Casaubon held his breath. The banded furry body pulsed, lifted into flight.

For one second he heard the hum of summer, of clear
days, and the smell (too sweet, too rich) of rose gardens.

Metal clinked.

He knelt down ponderously, sweeping aside one of
the skirts of his frock-coat, and felt on the paving until his fingers contacted
metal. He straightened, opened his palm. Heavy, glinting with the black light, a
golden bee lay in his hand.

"Lord Casaubon?"

The Mayor’s voice.

Black light moved with the viscosity of honey. It
thickened, rolled across the construction site, sliding down from the sky and
the Night Sun. A hard metallic taste invaded his mouth. He spat, wiped his mouth
on his satin sleeve.

"She needs me . . ."

The fading warmth from the stone of Seshat
illuminated their faces. Shadowed eye-sockets, noses; glinting hair and bright
eyes. The straggle-haired girl knelt by her mother, one hand gripping the
woman’s, intent on the model. Evelian leaned forward, yellow hair spilling
across her breasts.

"I forget her for whole minutes at a time." He
smeared one plaster-wet hand down his shirt to clean it; weight resting back on
one massive heel; brushing blindly at the grease-stains on the coat’s
embroidered lapels.

"So many years to find her, and then by
accident
.
. ."

Water brimmed in his eyes and overran. Tears
spilled down his cheeks, acid-hot and then cold in the cold air; running down
cheeks and chins, runneling wet marks down his stained linen shirt.

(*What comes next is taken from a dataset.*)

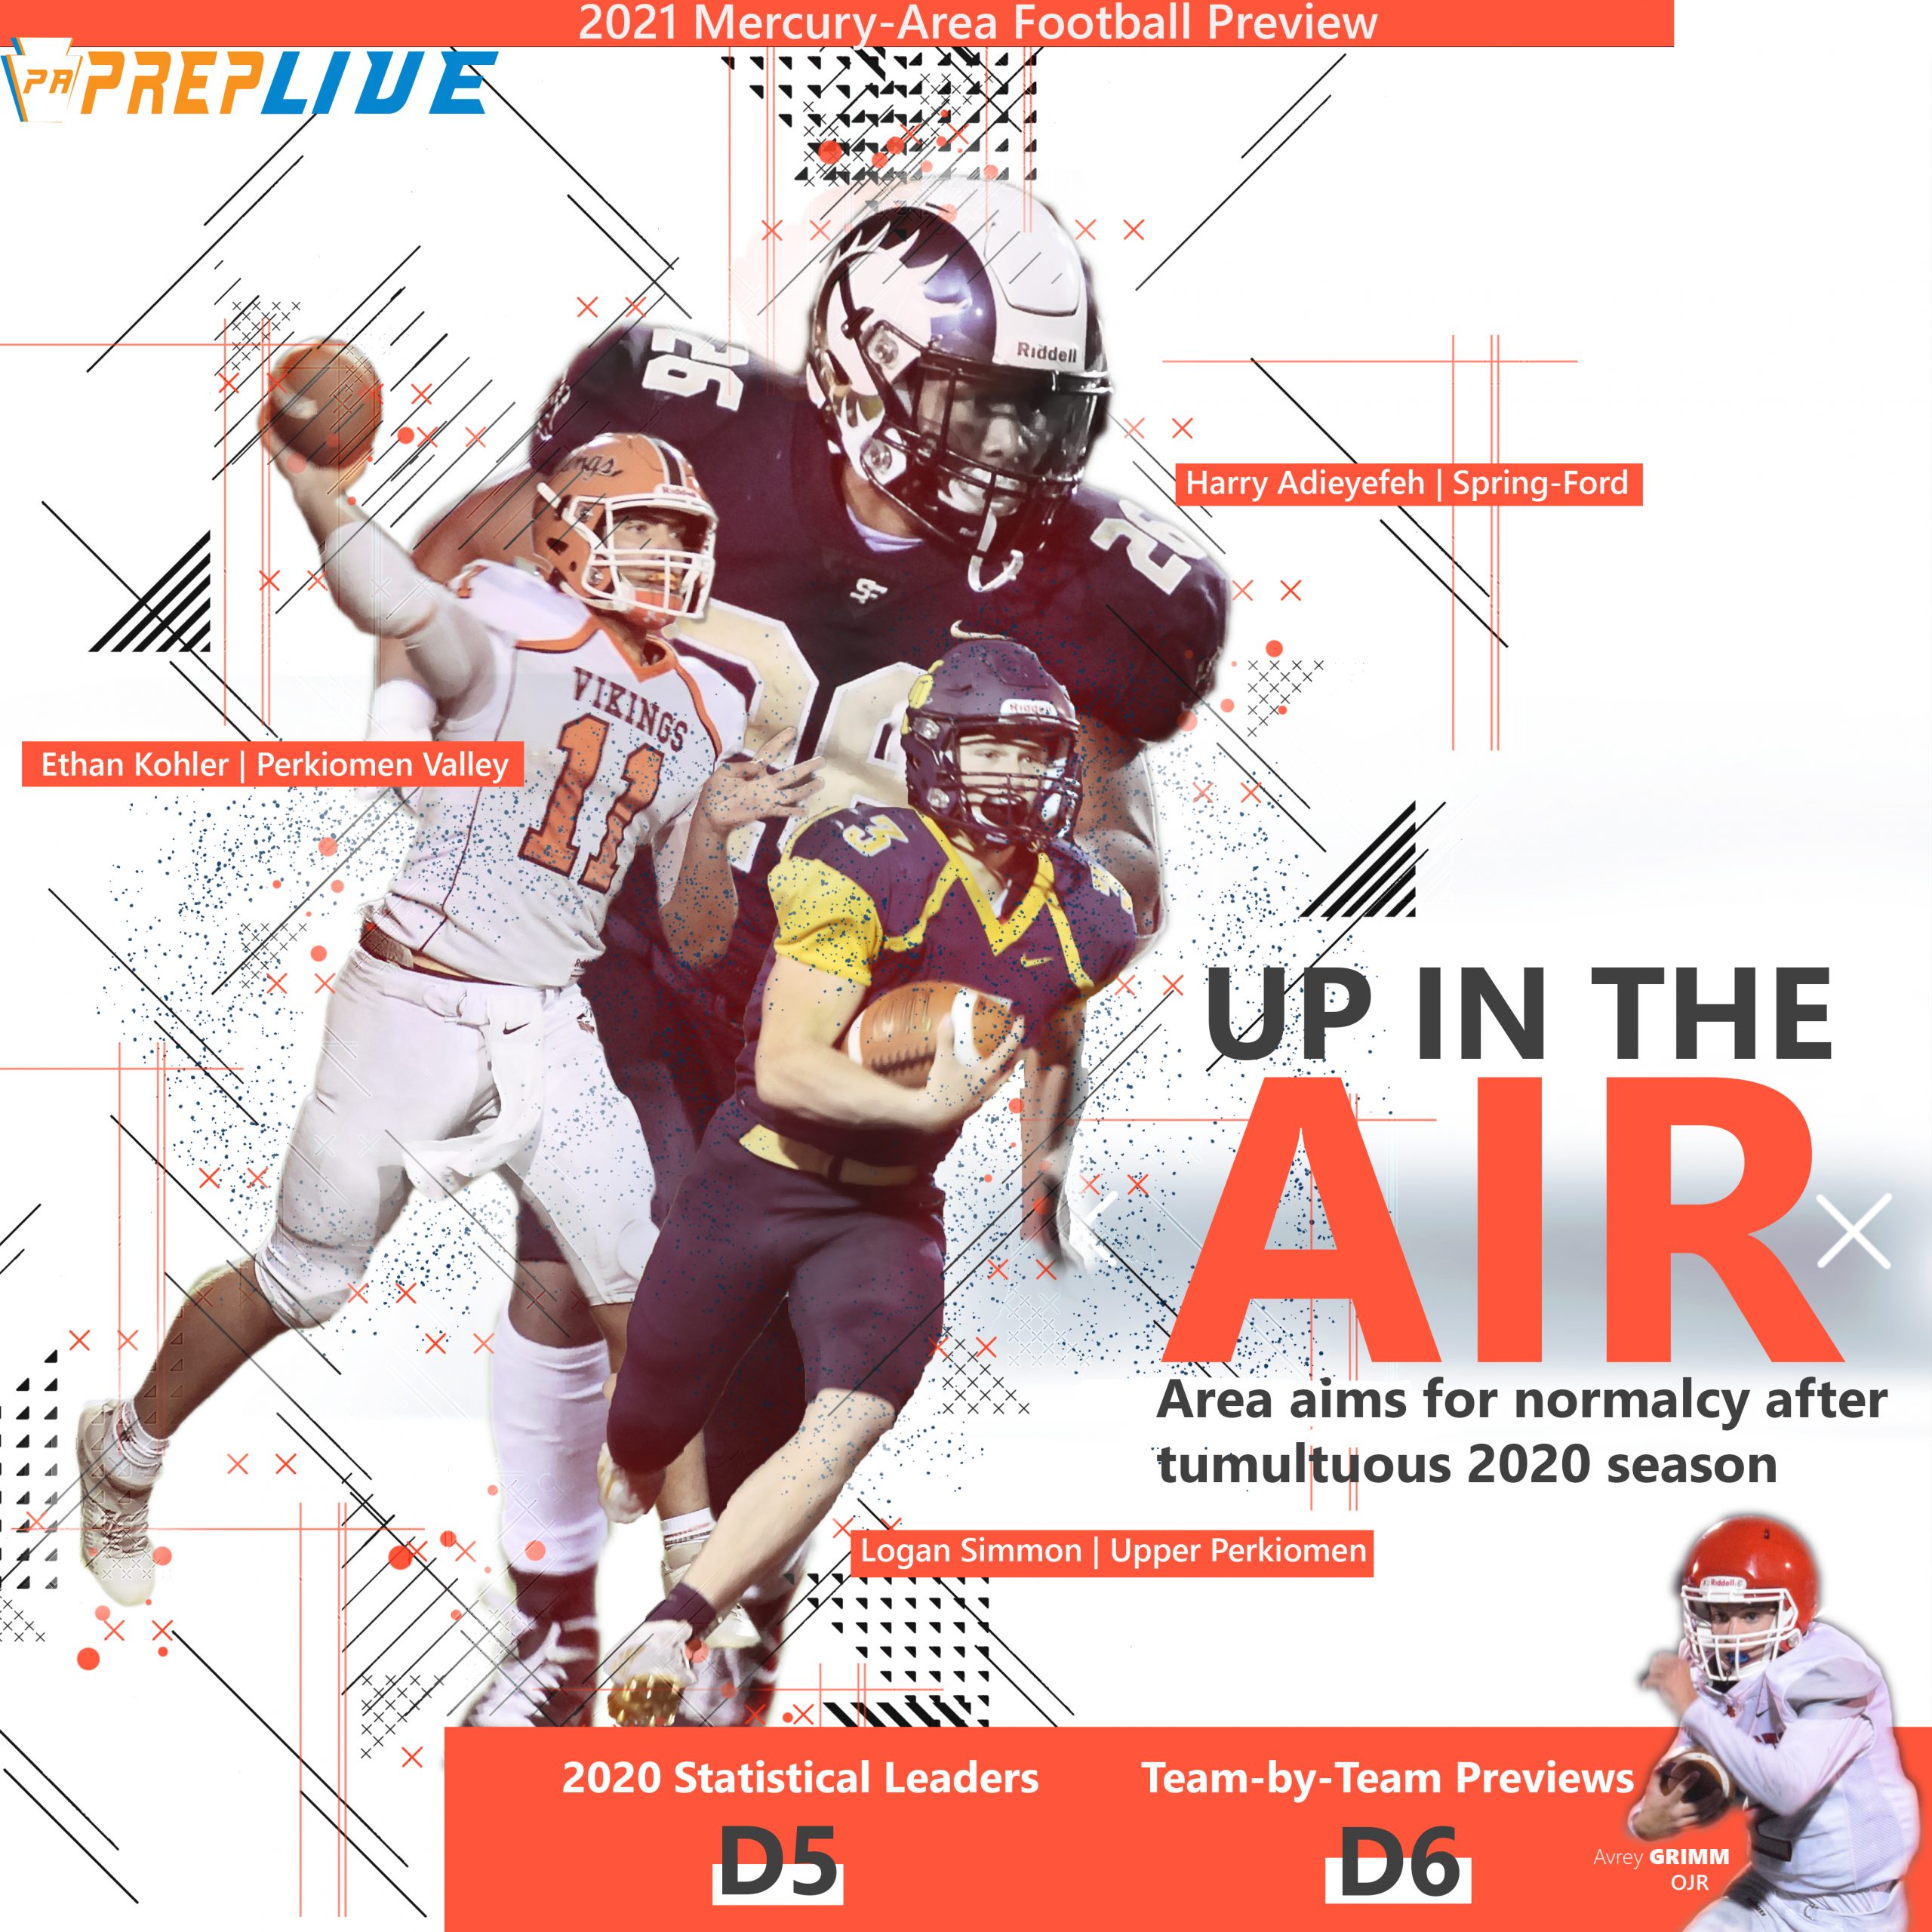 Mercury Football Preview Cover 2021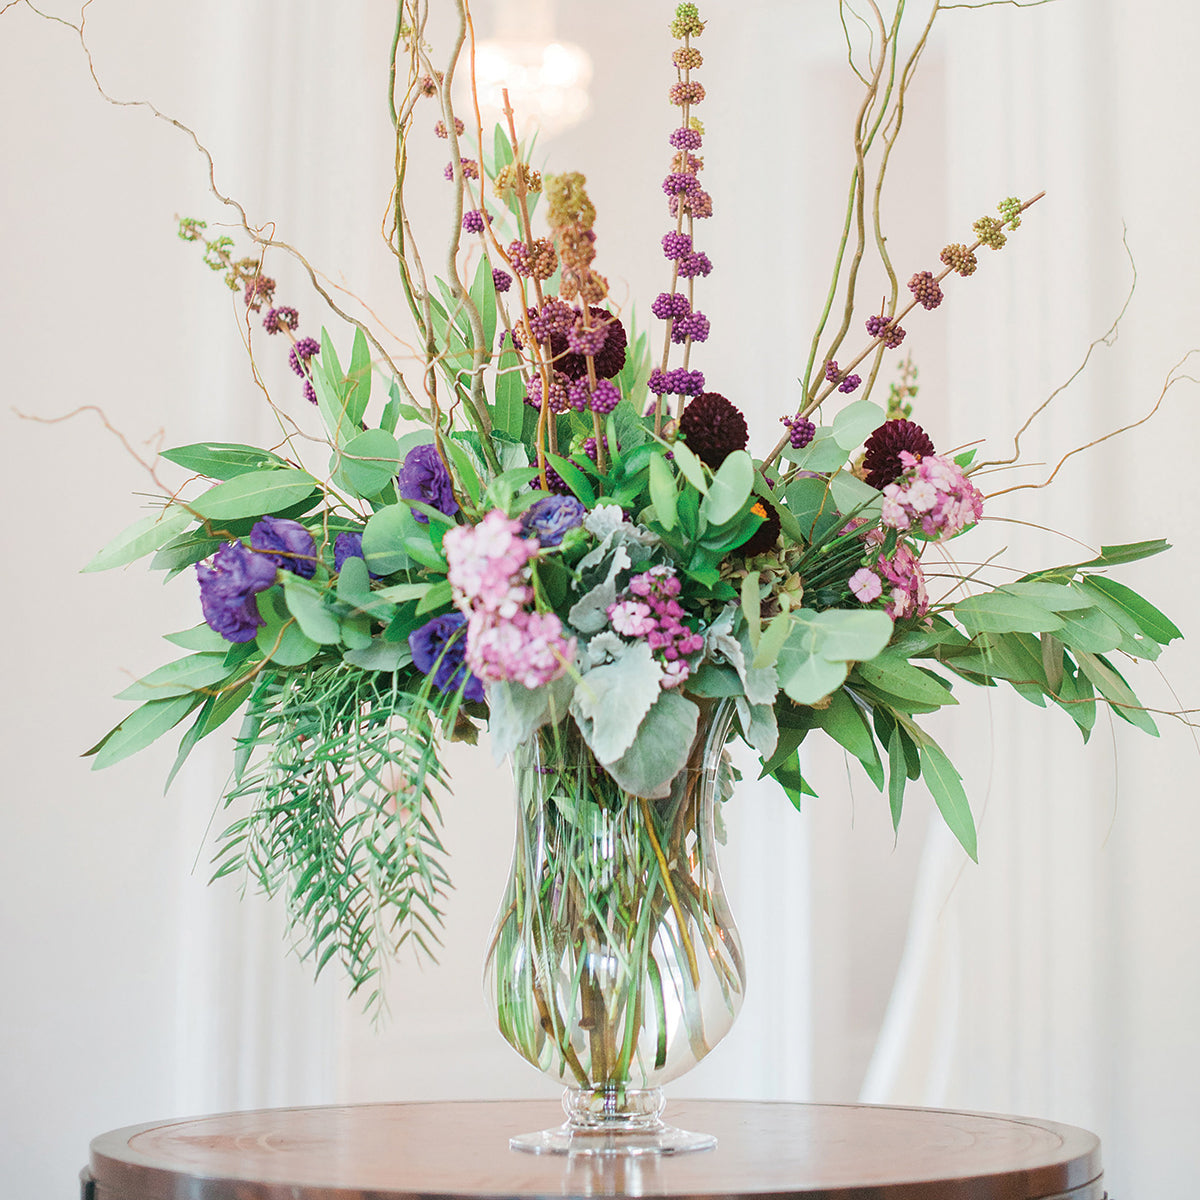 An elaborate bouquet in the Charlotte vase, with tall, twisting branches, deep purple flowers, and vibrant greenery, creating a dramatic and elegant centerpiece on a round wooden table, with a soft, neutral backdrop.

"I never heard her speak of you." Evelian’s voice
held wonder. "I knew there had to be
somebody
the cause of it."

He covered his face with his hand. As loud as a
child, he snuffled, and wiped his leaking eyes and nose on his sleeve. He sucked
in a breath and looked down at her with the total bewilderment of pain.

"What’s happening to her? I thought"–his voice
wavered, thinned, began to ululate–"that I’d
help
her, gods rot her. Now.
That I’d be able to . . . to
get
there, and . . ."

He rubbed his face with soaking hands. Tears and
snot soaked the cuffs of his coat. He hiccuped, gasping in air; muffling a sob
in the palm of one hand.

"I brought her into this!"

The chill on his wet hands burned in the Night
Sun’s enveloping cold. Arctic, a wind blew grit across the construction site.
Sand tacked against his cheek.

His left hand tightened on the metal bee, and he
opened it and looked down, watching beads of blood ooze out onto the
plaster-stained lines of his palm. Cold numbed the pain. He folded his hand over
the sharp wings and antennae, clenching hard.